There are some additional testcases in the patch for all these as well.

> Will you continue to work on min/max with index ?

I don't know if I'll have the free time to do so, that's the reason I haven't 
resent the new one.
The engineer who started it no longer works for Arm.

> Or you want me to continue this work base on your patch ?
> 
> I have an initial patch which roughly implemented LLVM's approach but turns 
> out Richi doesn't want me to apply LLVM's approach so your patch may be more 
> reasonable than LLVM's approach.
> 

When Richi reviewed it he wasn't against the approach in the patch 
https://inbox.sourceware.org/gcc-patches/nycvar.yfh.7.76.2105071320170.9...@zhemvz.fhfr.qr/
but he wanted the concept of a dependent reduction to be handle more 
generically, so we could extend it in the future.

I think, from looking at Richi's feedback is that he wants 
vect_recog_minmax_index_pattern to be more general.

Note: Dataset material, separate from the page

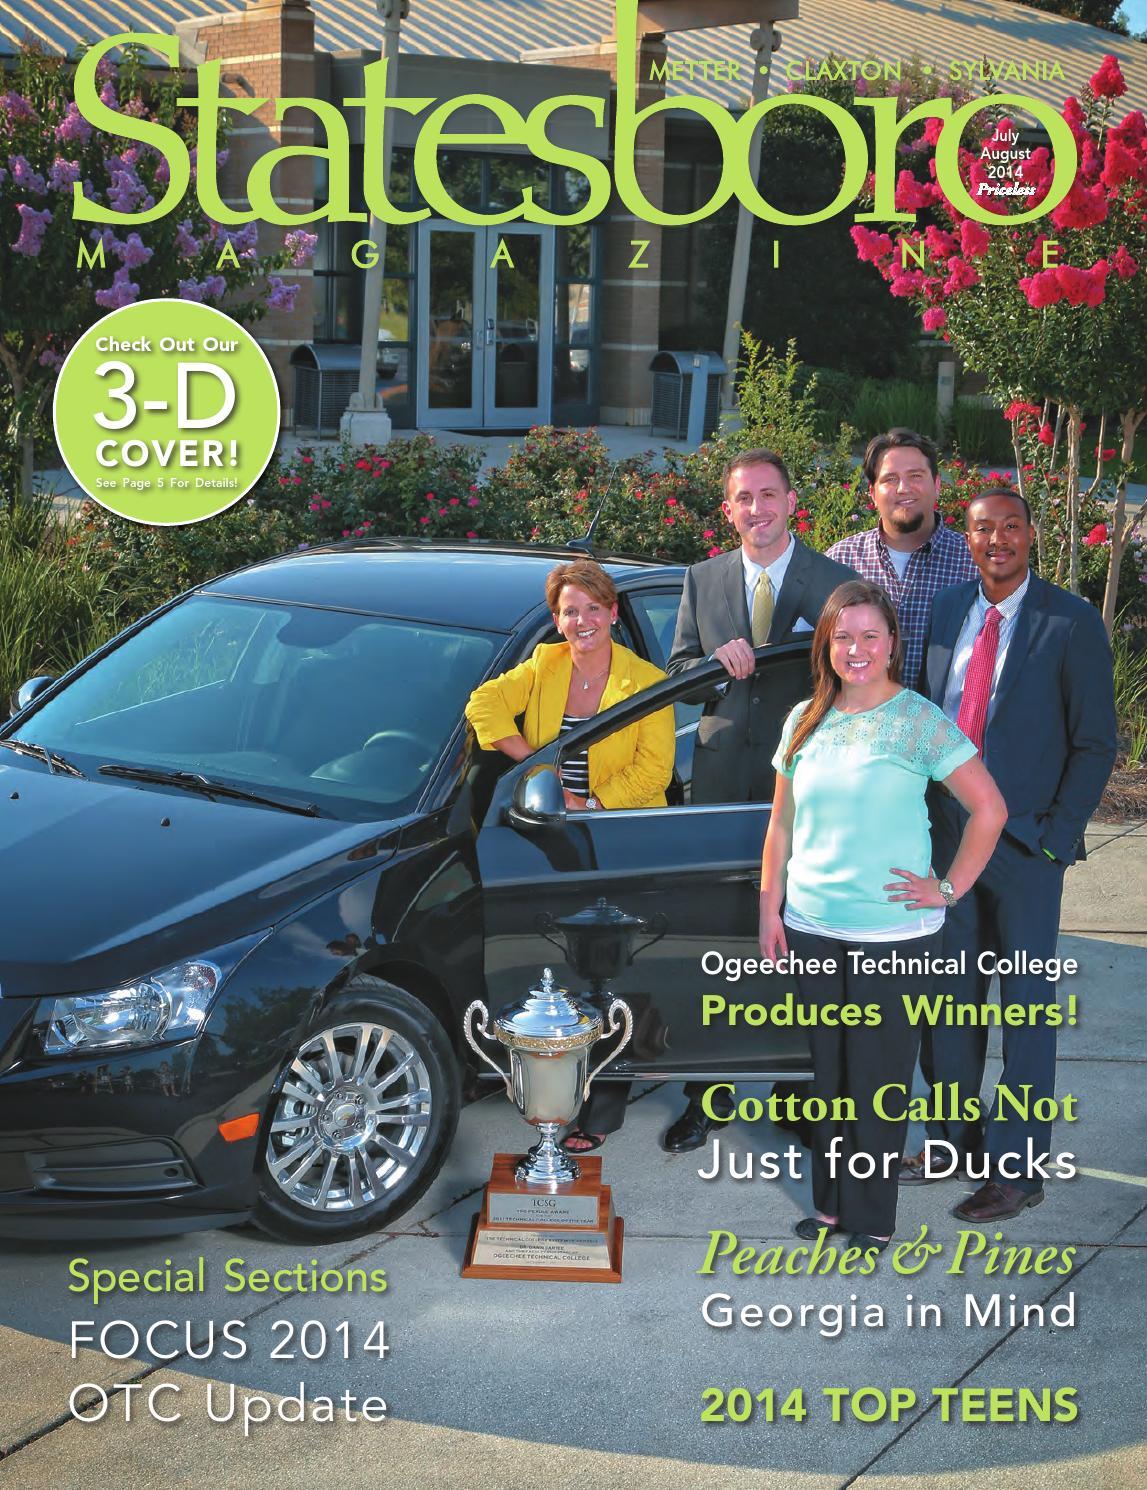 Statesboro Magazine July August 2014 By

We've basically hardcoded 
the reduction type,
but it could just be a property on STMT_VINFO.

Unless I'm mistaken the patch already relies on first finding both reductions, 
but we immediately try to resolve the relationship using 
vect_recog_minmax_index_pattern.
Instead I think what Richi wanted was for us to keep track of reductions that 
operate on the same induction variable and after we finish analysing all 
reductions we
try to see if any reductions we kept track of can be combined.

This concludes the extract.